Re: Map with maintained insertion order

2012-03-23 Thread Andrej Mitrovic
On 3/23/12, Andrej Mitrovic  wrote:
> Does someone have a map implementation that maintains the insertion
> order of the keys?

Here's a sloppy implementation:

module test;

import std.stdio;
import std.traits;

template KeyType(V : V[K], K)
if (isAssociativeArray!(V[K]))
{
alias K KeyType;
}

template ValueType(V : V[K], K)
if (isAssociativeArray!(V[K]))
{
alias V ValueType;
}

template BaseElement(T : U[], U)
{
alias U BaseElement;
}

struct LinkedHash(T)
if (isAssociativeArray!T)
{
alias KeyType!T Key;
alias ValueType!T Value;

static if (isArray!Value)
template isValue(T) { enum bool isValue = (is(T == Value) ||
is(BaseElement!Value == T)); }
else
template isValue(T) { enum bool isValue = is(T == Value); }

Value[] payload;
size_t[Key] keyToIndex;
Key[size_t] indexToKey;
size_t lastIndex;

size_t getNewIndex()
{
payload.length = payload.length + 1;
return lastIndex++;
}

size_t* getKeyIndex(string key)
{
if (auto index = key in keyToIndex)
return index;
else
return null;
}

Value opIndex(in Key key)
{
if (auto index = getKeyIndex(key))
return payload[*index];
else
assert(0, "Key '" ~ key ~ "' not found.");
}

void opIndexAssign(V)(V value, Key key)
if (isValue!V)
{
if (auto index = getKeyIndex(key))
payload[*index] = value;
else
{
auto index = getNewIndex();
payload[index] = value;
keyToIndex[key] = index;
indexToKey[index] = key;
}
}

void opIndexOpAssign(string op, V)(V value, Key key)
if (isValue!V)
{
if (auto index = getKeyIndex(key))
mixin("payload[*index] " ~ op ~ "= value;");
else
{
auto index = getNewIndex();
mixin("payload[index] " ~ op ~ "= value;");
keyToIndex[key] = index;
indexToKey[index] = key;
}
}

int opApply(scope int delegate(ref Key, ref Value) dg)
{
foreach (index; 0 .. lastIndex)
{
auto result = dg(indexToKey[index], payload[index]);
if (result)
return result;
}

return 0;
}
}

void main()
{
auto names = ["1", "2", "3", "4", "5", "6", "7", "8"];

LinkedHash!(string[string]) stringMap;
foreach (name; names)
stringMap[name] ~= "test";

foreach (key, val; stringMap)
writefln("%s: %s", key, val);

LinkedHash!(string[][string]) stringArrMap;
stringArrMap["100"] = ["foo"];
stringArrMap["101"] ~= "bar";

foreach (name; names)
stringArrMap[name] ~= "test";

foreach (key, val; stringArrMap)
writefln("%s: %s", key, val);
}


Re: Map with maintained insertion order

2012-03-23 Thread Andrej Mitrovic
On 3/24/12, Jonathan M Davis  wrote:
> I can't think of any data structure that does that off the top of my head

Java has it and they call it a LinkedHashMap:
http://docs.oracle.com/javase/1.4.2/docs/api/java/util/LinkedHashMap.html

> That _does_ require having two data structures in one, and there may a be a
> better way to do it, but just off the top of my head, that's the best that I
> can come up with.

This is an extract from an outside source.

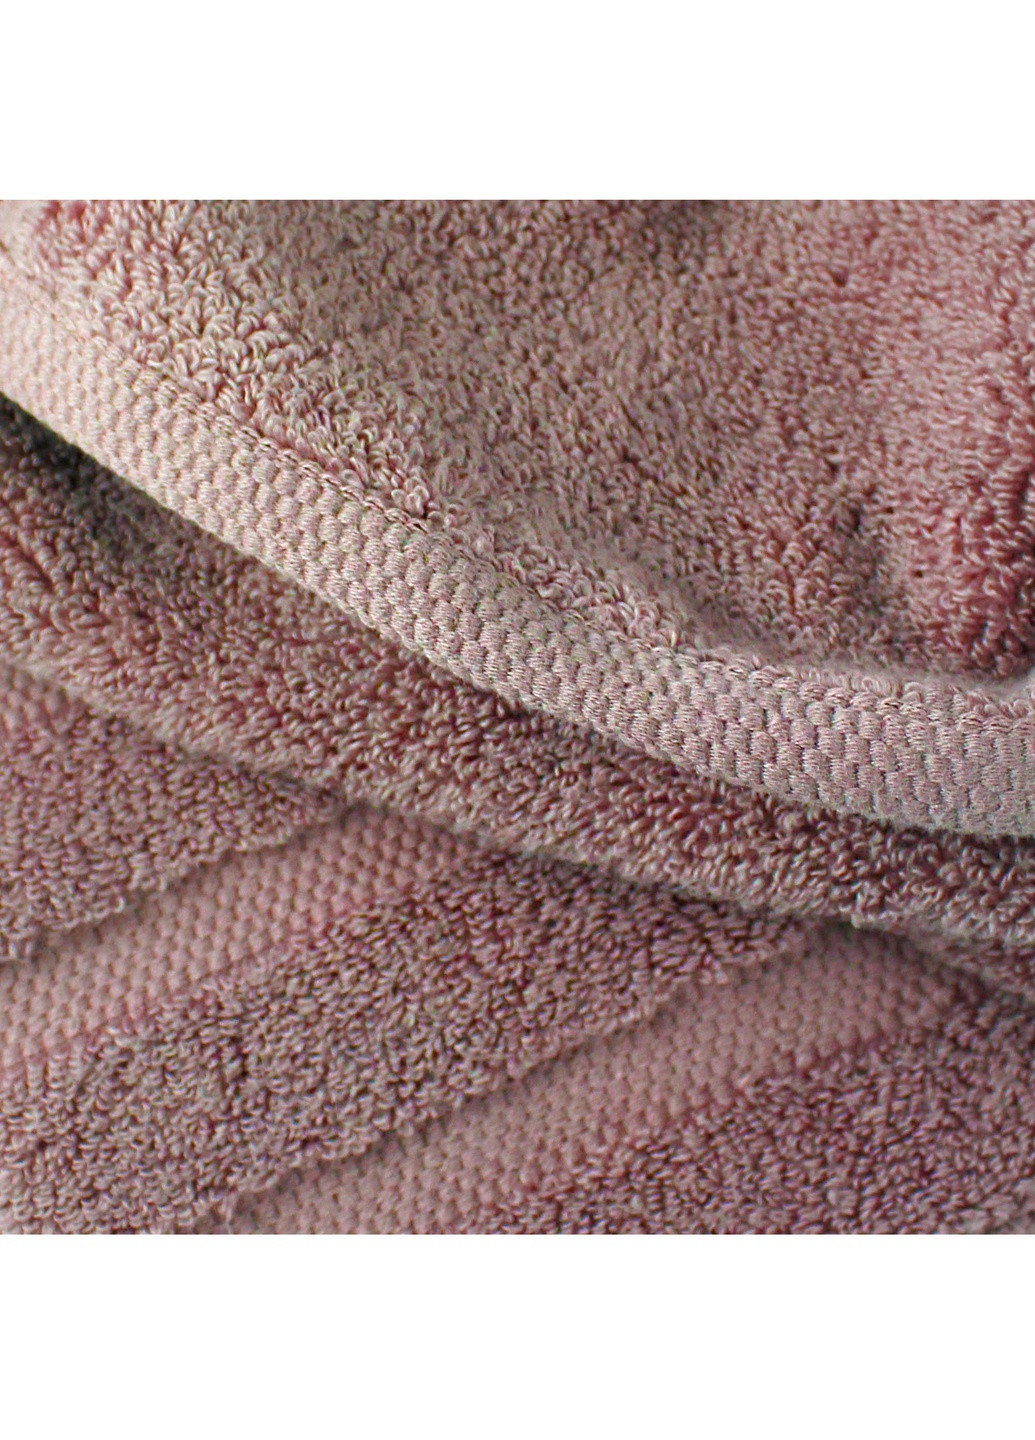 Bulgaria-Tex полотенце махровое oslo, microcotton, жаккардовое, с бордюром, пепел розы, размер 70x140 см темно-розовый производство - Болгария

I don't know how you could have a data structure where
> it's efficient to index by both insertion order and key without effectively
> having two data structures.

Yeah it's not efficient, but in my use-case I'm not looking so much
for efficiency but convenience. Sometimes I have to look up a key
based on a name to modify some values, and I have to keep the order of
the keys.


Re: Map with maintained insertion order

2012-03-23 Thread H. S. Teoh
On Fri, Mar 23, 2012 at 06:07:42PM -0700, Jonathan M Davis wrote:
> On Friday, March 23, 2012 23:48:51 Andrej Mitrovic wrote:
> > Does someone have a map implementation that maintains the insertion
> > order of the keys?
> > 
> > E.g.:
> > 
> > string[string] map;
> > map["foo"] = "x";
> > map["bar"] = "y";
> > 
> > When iterating over map keys I want to visit "foo" first, then
> > "bar", and so on.
> 
> I can't think of any data structure that does that off the top of my
> head, though there may very well be one.
[...]

Yes there is one. It's called a B-tree. And it's probably total overkill
for what you need. :-) But also, B-trees have O(log n) access time, not
O(1). :-(


T

-- 
Right now I'm having amnesia and deja vu at the same time. I think I've 
forgotten this before.


Re: Map with maintained insertion order

2012-03-23 Thread H. S. Teoh
On Fri, Mar 23, 2012 at 06:33:54PM -0700, H. S. Teoh wrote:
> On Fri, Mar 23, 2012 at 06:07:42PM -0700, Jonathan M Davis wrote:
> > On Friday, March 23, 2012 23:48:51 Andrej Mitrovic wrote:
> > > Does someone have a map implementation that maintains the insertion
> > > order of the keys?
> > > 
> > > E.g.:
> > > 
> > > string[string] map;
> > > map["foo"] = "x";
> > > map["bar"] = "y";
> > > 
> > > When iterating over map keys I want to visit "foo" first, then
> > > "bar", and so on.
> > 
> > I can't think of any data structure that does that off the top of my
> > head, though there may very well be one.
> [...]
> 
> Yes there is one. It's called a B-tree. And it's probably total overkill
> for what you need. :-) But also, B-trees have O(log n) access time, not
> O(1). :-(
[...]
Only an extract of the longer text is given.